##### Records shown

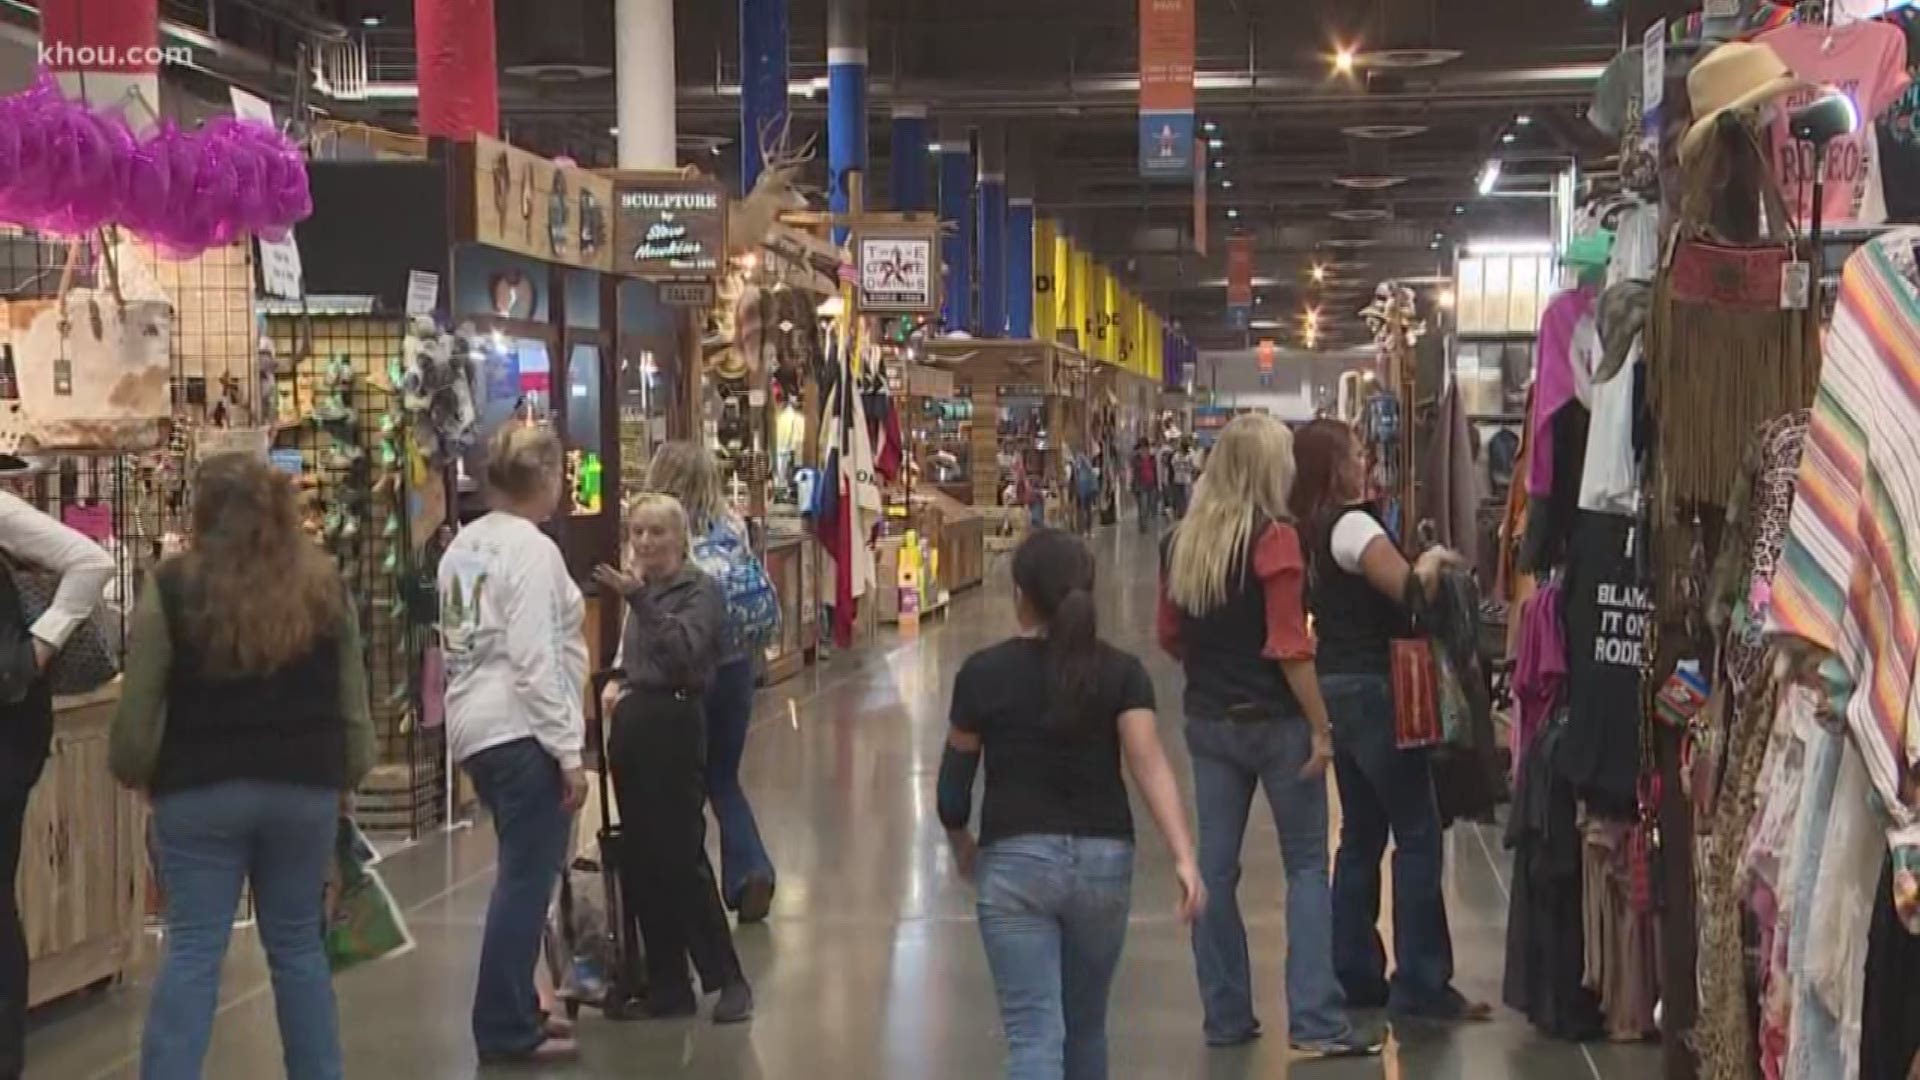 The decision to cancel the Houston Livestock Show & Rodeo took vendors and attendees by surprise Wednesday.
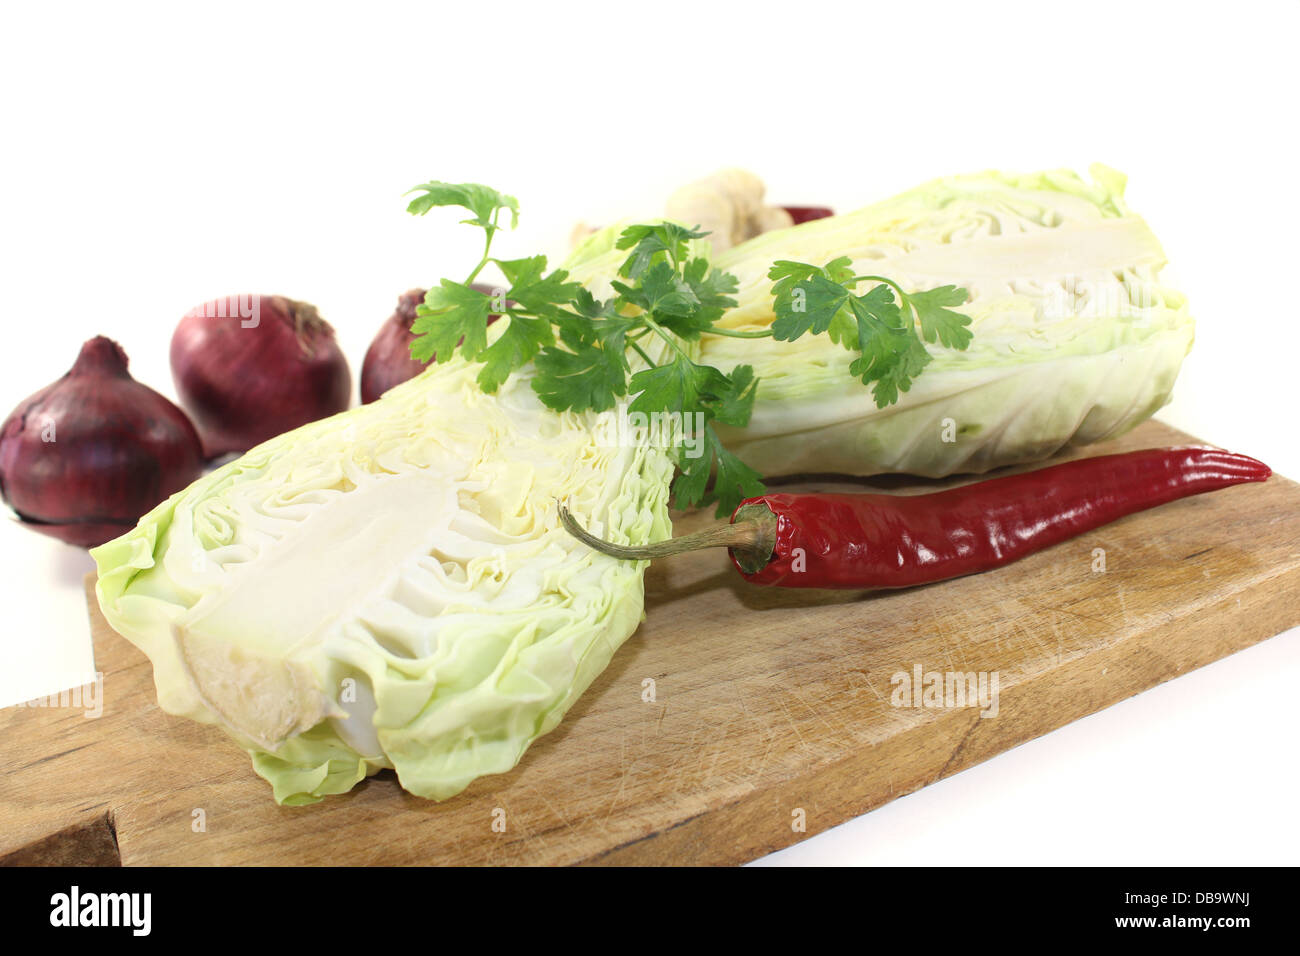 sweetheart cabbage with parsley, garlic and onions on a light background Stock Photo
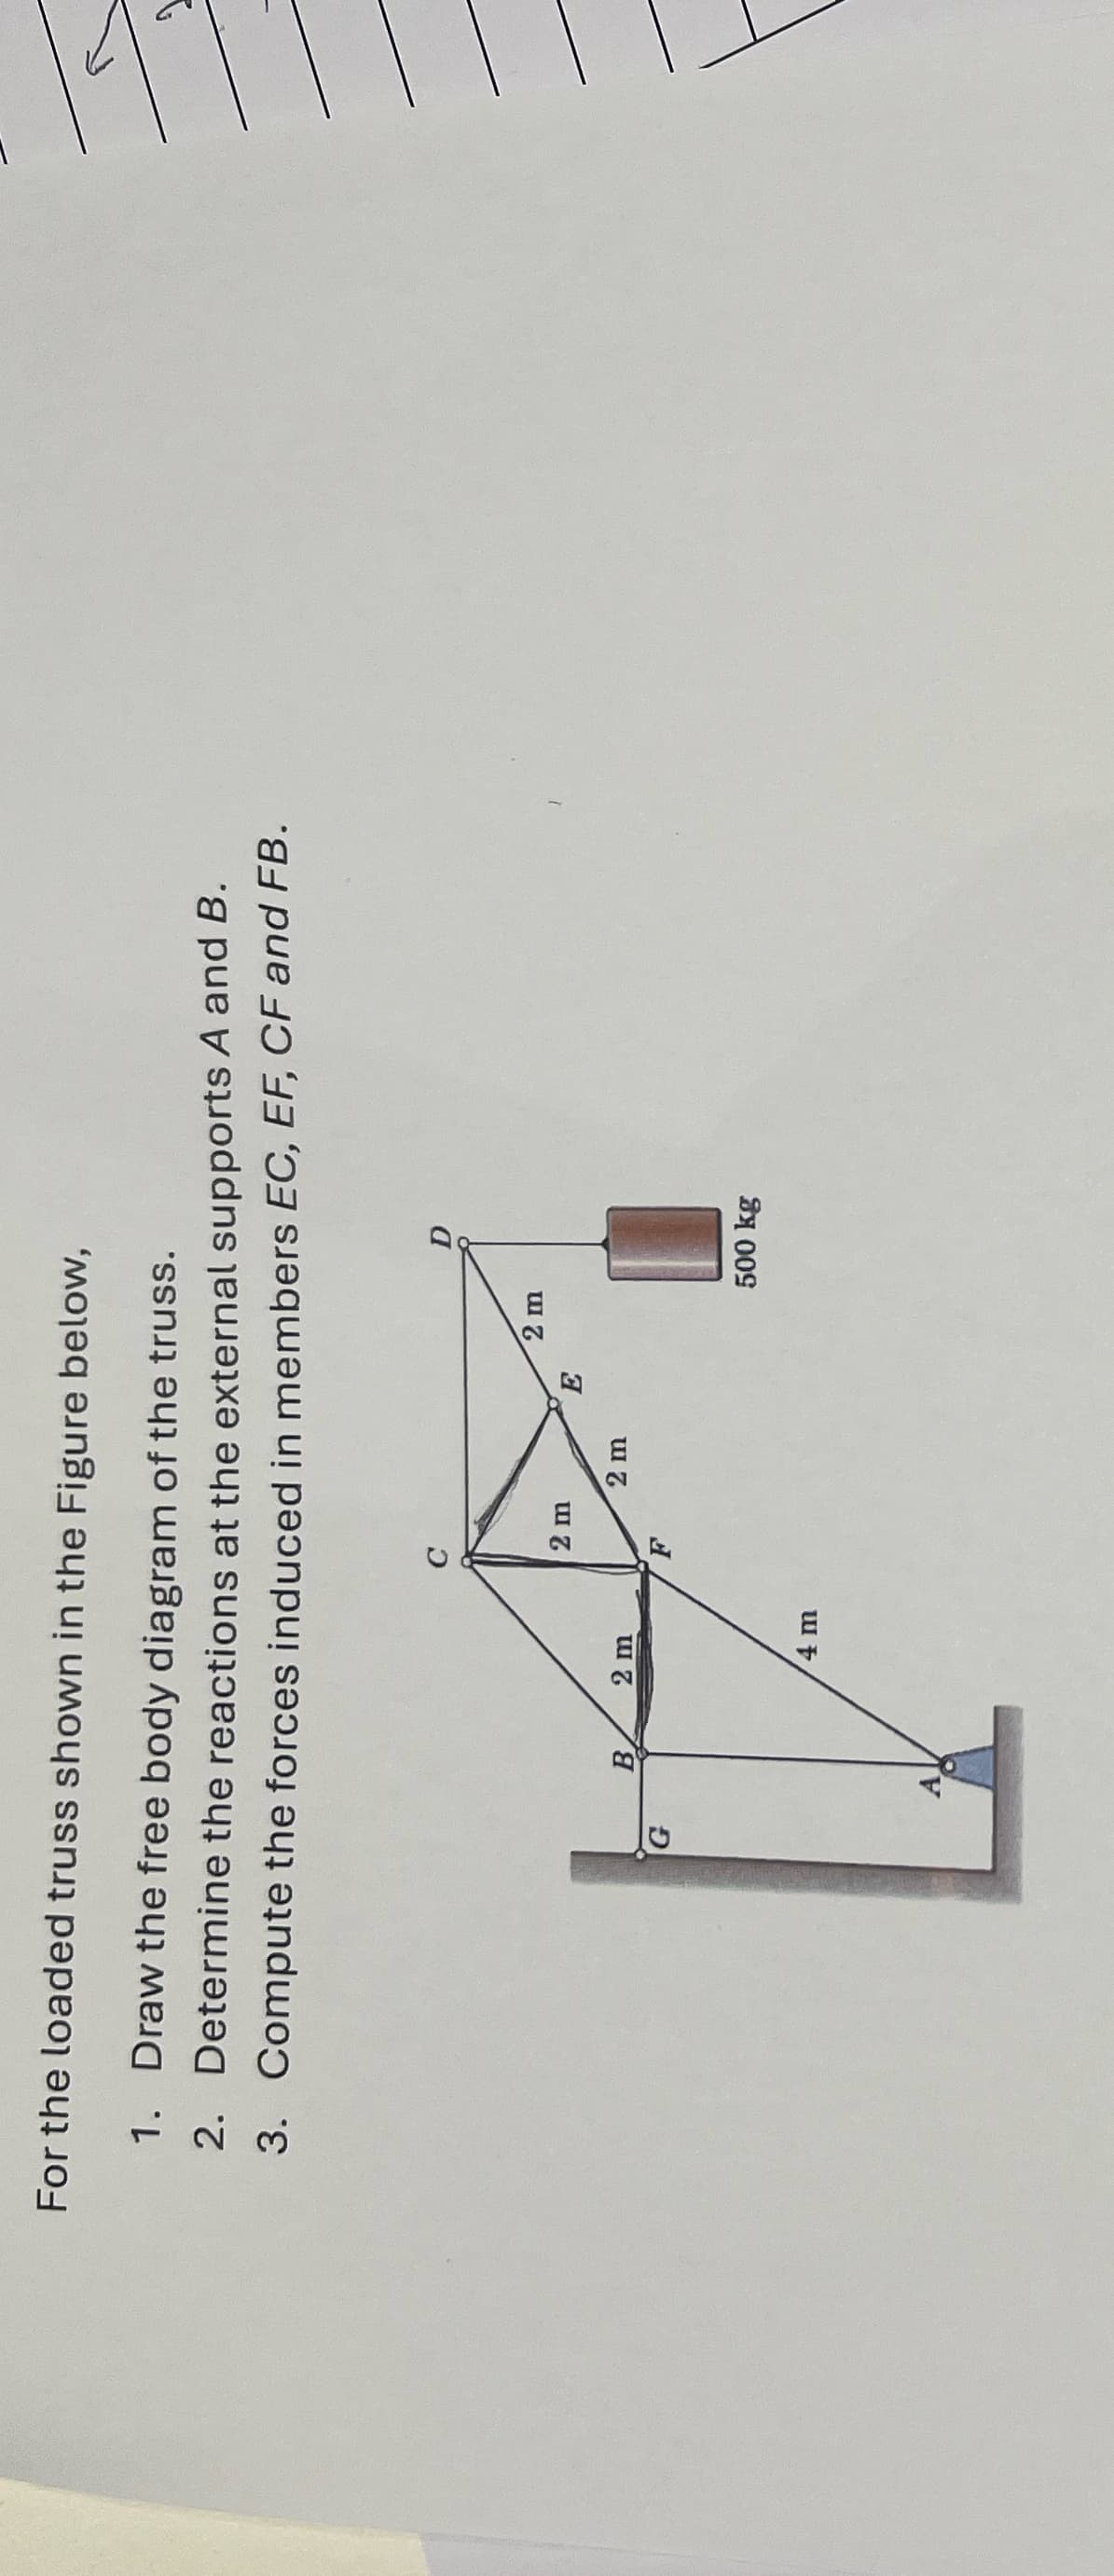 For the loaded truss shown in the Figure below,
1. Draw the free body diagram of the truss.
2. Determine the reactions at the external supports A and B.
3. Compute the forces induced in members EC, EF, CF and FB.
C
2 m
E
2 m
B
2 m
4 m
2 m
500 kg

##########

*Exercise goal*. The answer must be an exact copy of the lines from the one containing "1. Draw the free body diagram of the truss." through the last line of the records, both included.

*Solution to this problem*.
1. Draw the free body diagram of the truss.
2. Determine the reactions at the external supports A and B.
3. Compute the forces induced in members EC, EF, CF and FB.
C
2 m
E
2 m
B
2 m
4 m
2 m
500 kg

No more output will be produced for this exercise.